» Data for analysis:
■ ■ ■ ■ ■

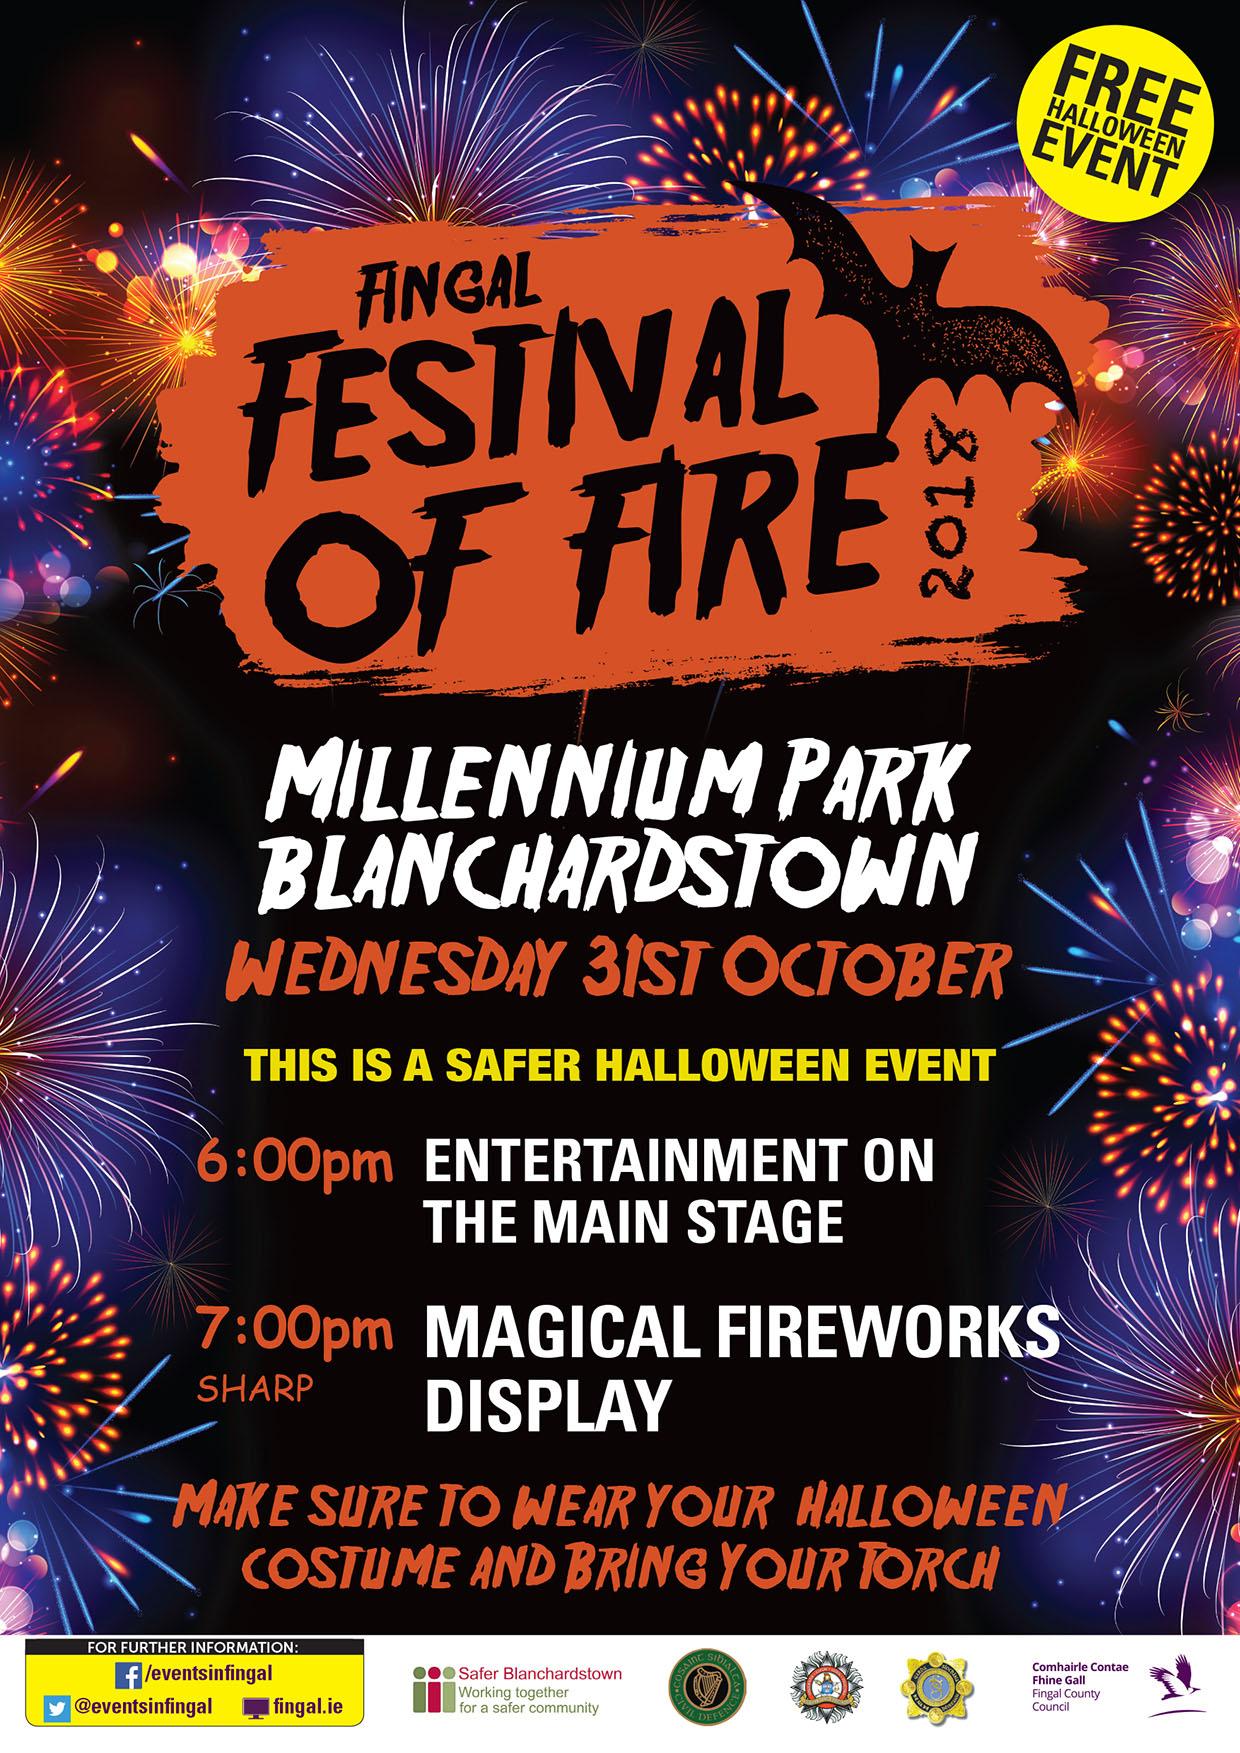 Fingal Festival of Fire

■ ■ ■ ■ ■

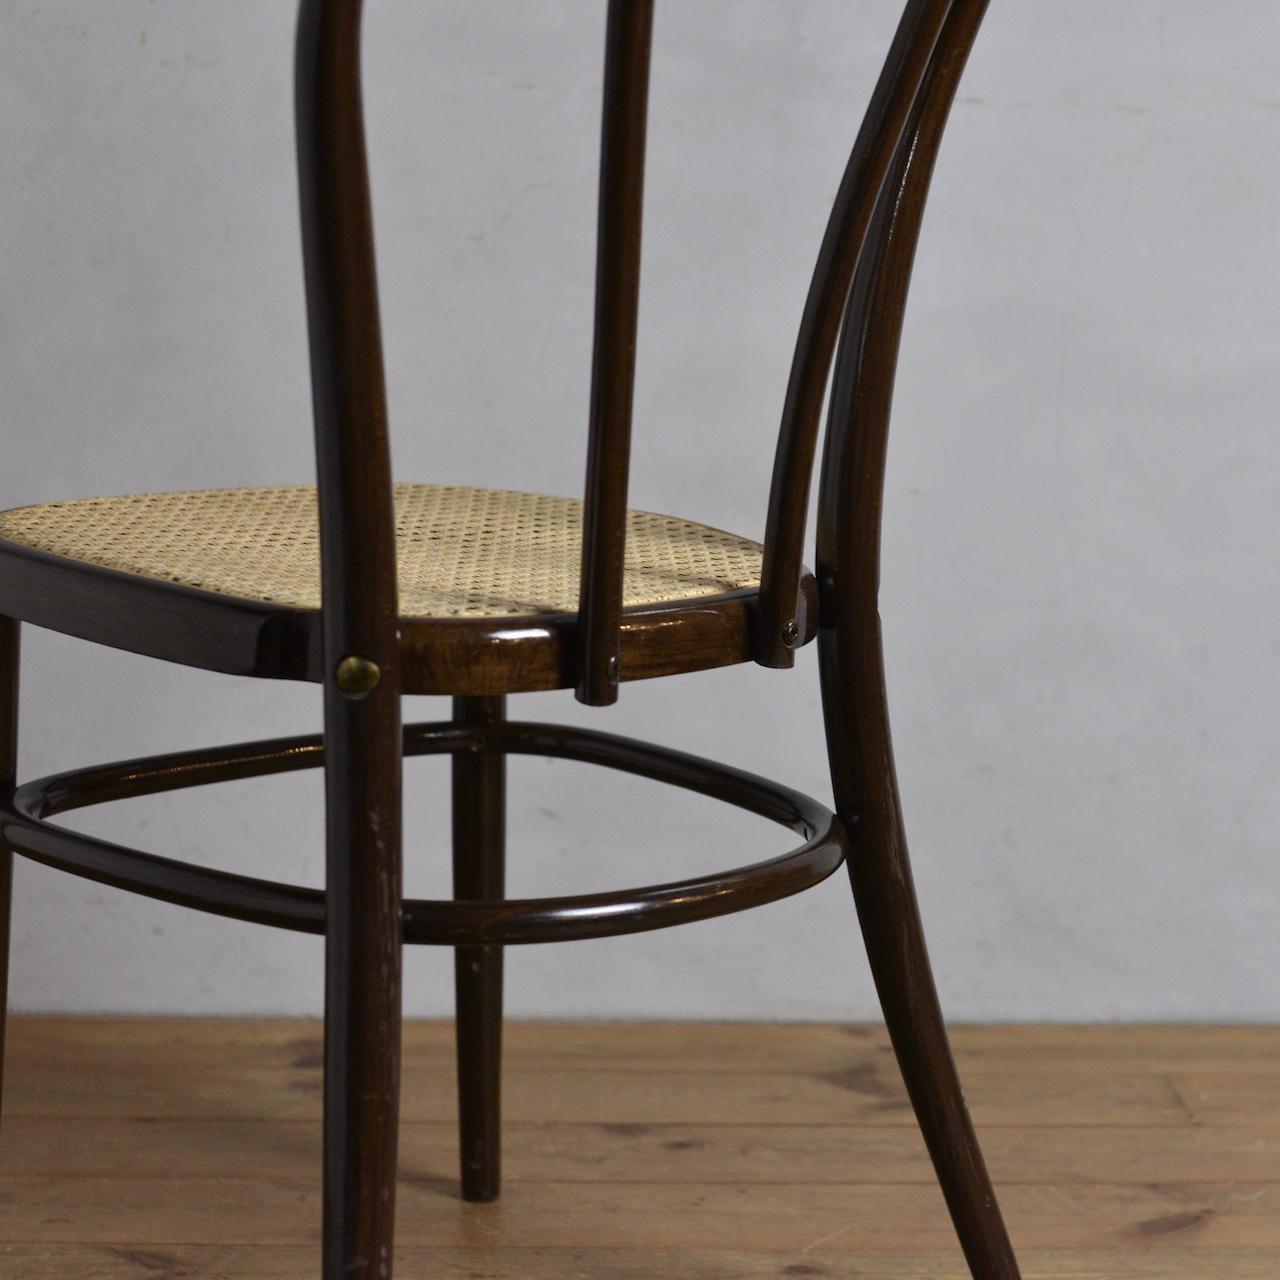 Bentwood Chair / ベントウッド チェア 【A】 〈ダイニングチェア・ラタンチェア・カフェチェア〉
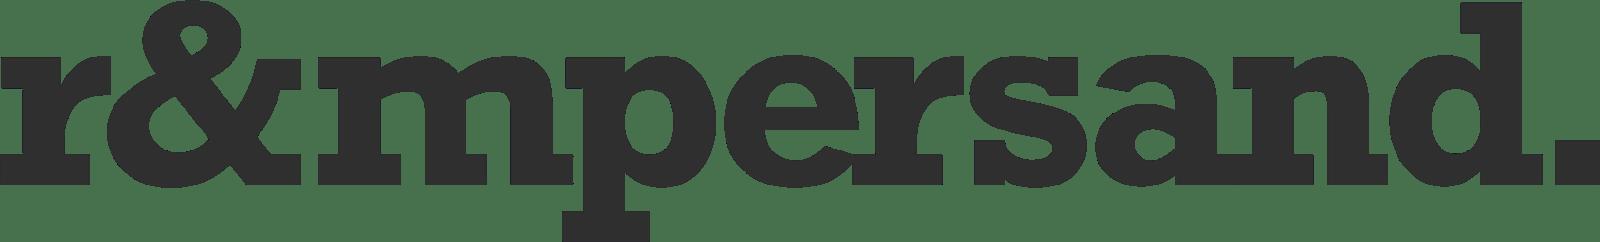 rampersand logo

■ ■ ■ ■ ■

» What is being asked: Please output the lines above beginning at the line with "Bentwood Chair /" and ending after the line with "rampersand logo", precisely as written and with no pictures.

» Answer space:
 Bentwood Chair / ベントウッド チェア 【A】 〈ダイニングチェア・ラタンチェア・カフェチェア〉
 rampersand logo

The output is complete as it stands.